Give the data again exactly, without images.

[RAW DATA]
= = = = = = =

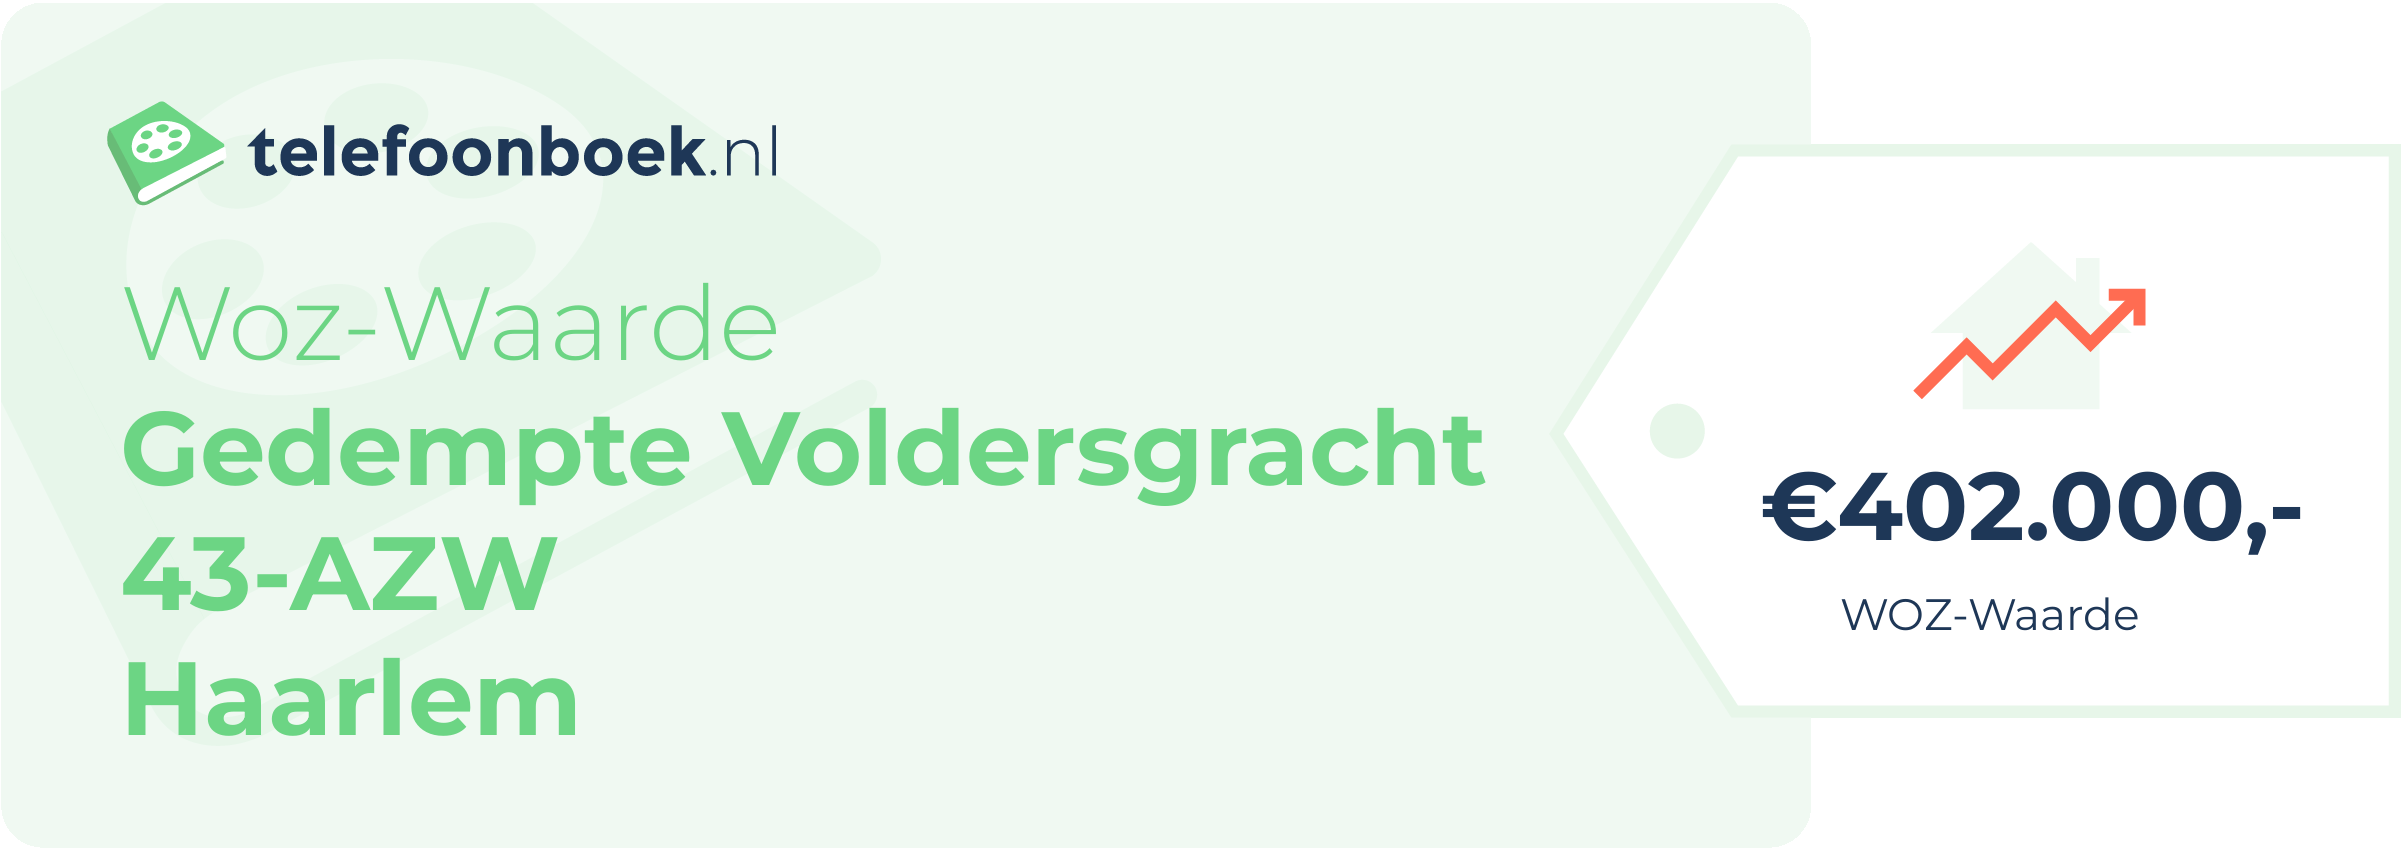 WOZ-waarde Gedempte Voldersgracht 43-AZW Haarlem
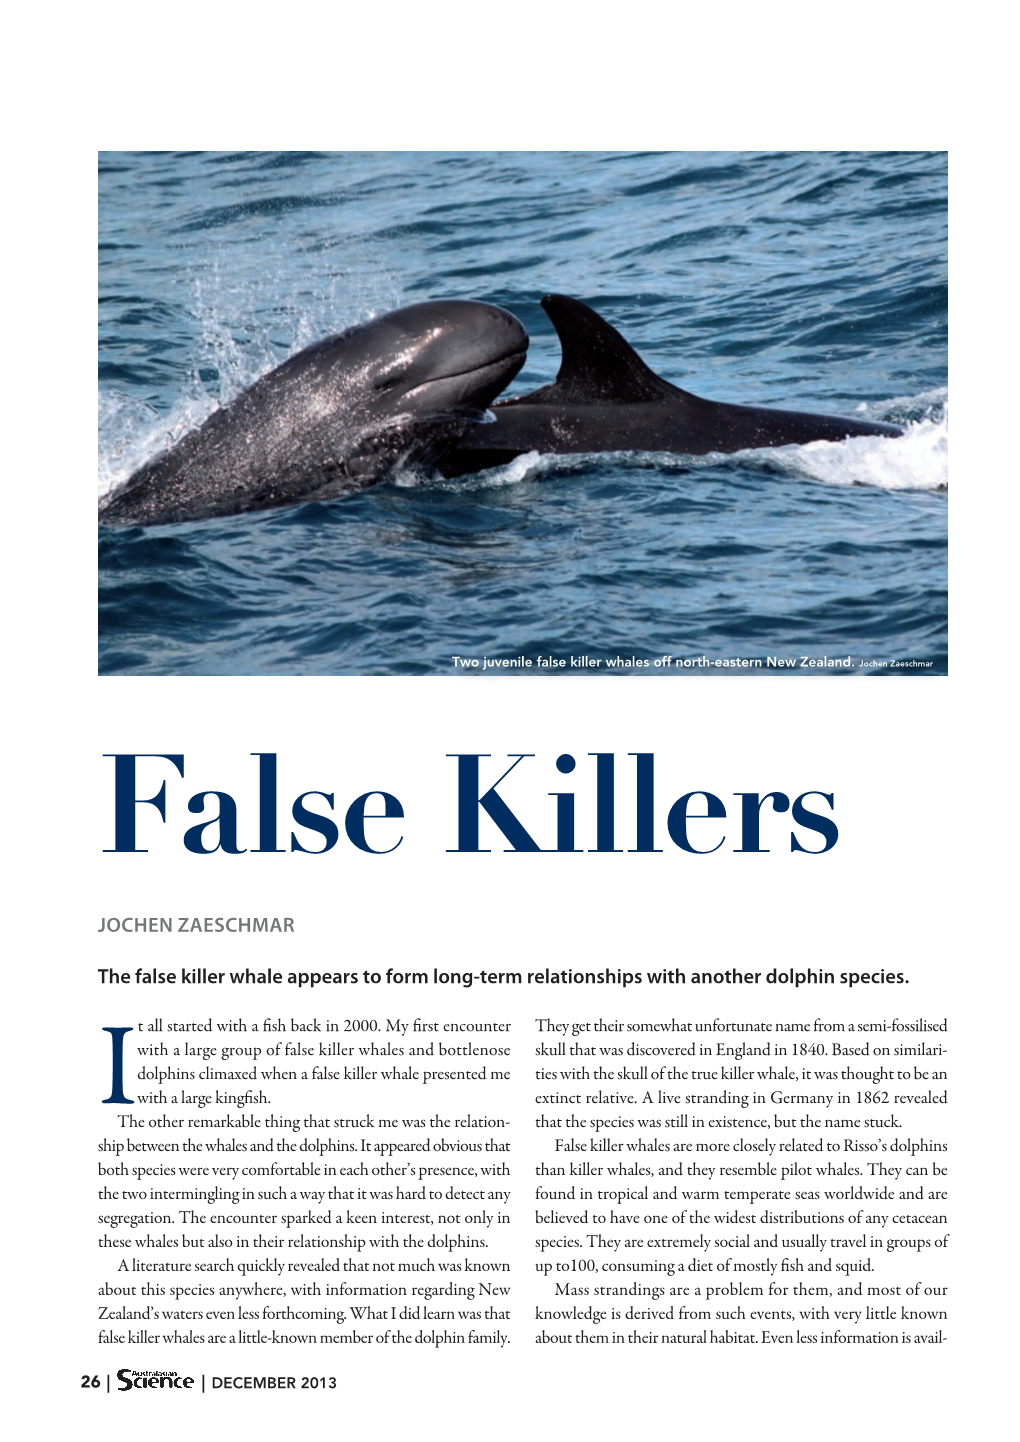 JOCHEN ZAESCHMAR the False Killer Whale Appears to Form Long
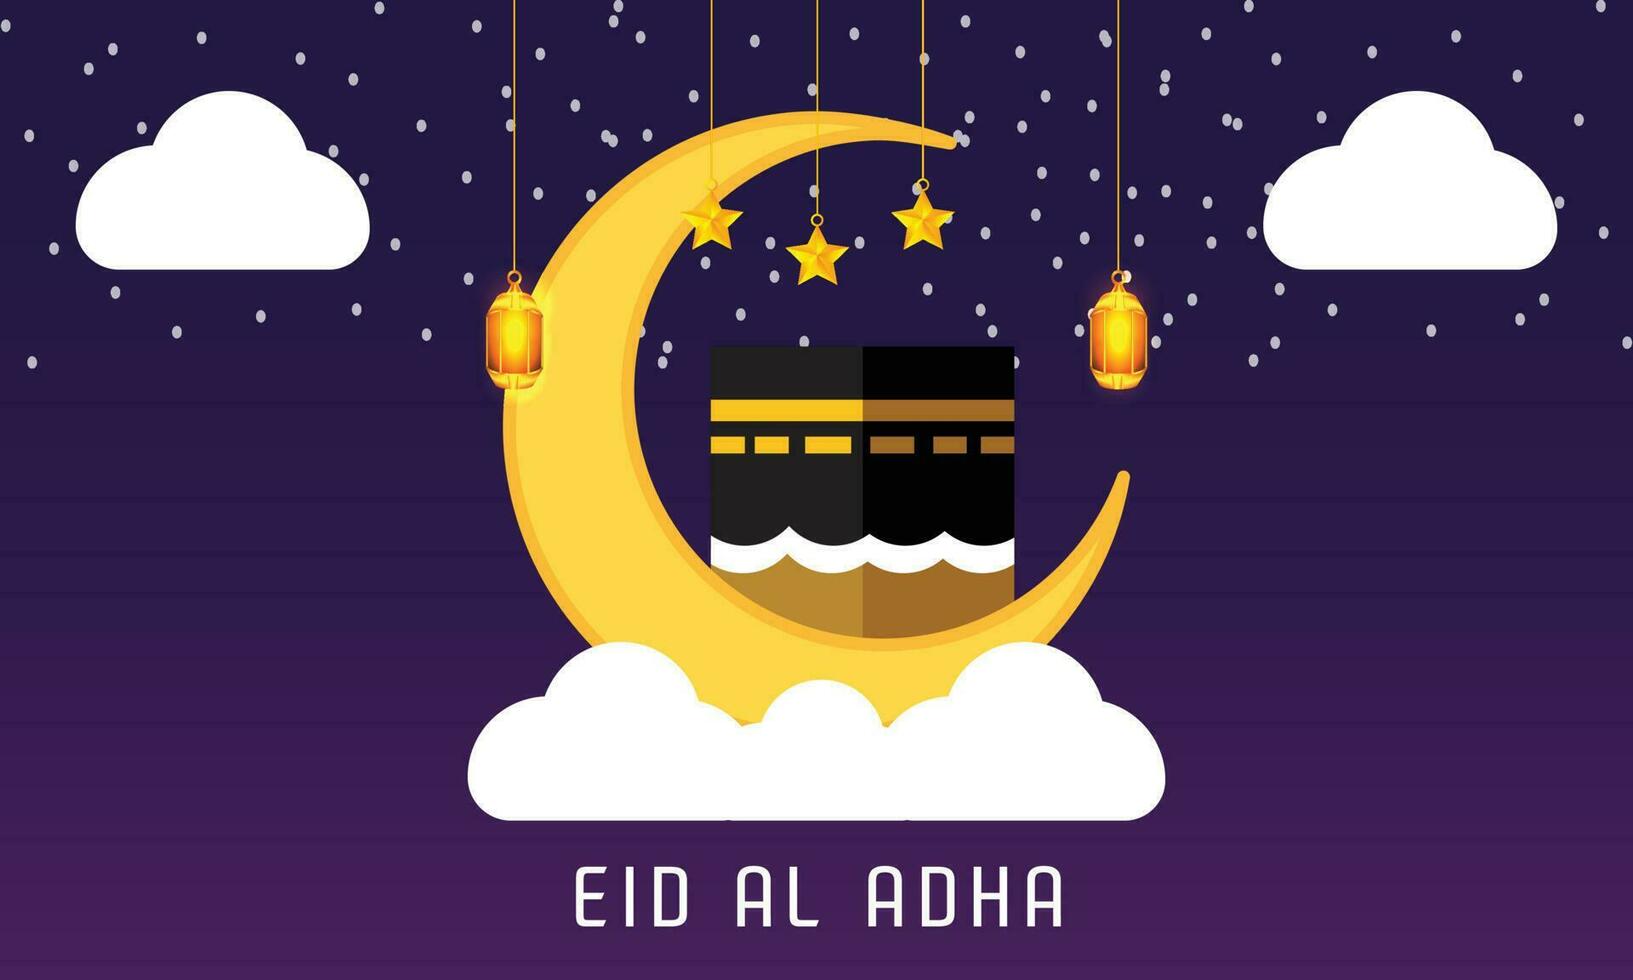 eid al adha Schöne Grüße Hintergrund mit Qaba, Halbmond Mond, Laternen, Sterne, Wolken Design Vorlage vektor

= = = = = = =

[WRITTEN ANSWER]
 WOZ-waarde Gedempte Voldersgracht 43-AZW Haarlem
 JOCHEN ZAESCHMAR the False Killer Whale Appears to Form Long
 eid al adha Schöne Grüße Hintergrund mit Qaba, Halbmond Mond, Laternen, Sterne, Wolken Design Vorlage vektor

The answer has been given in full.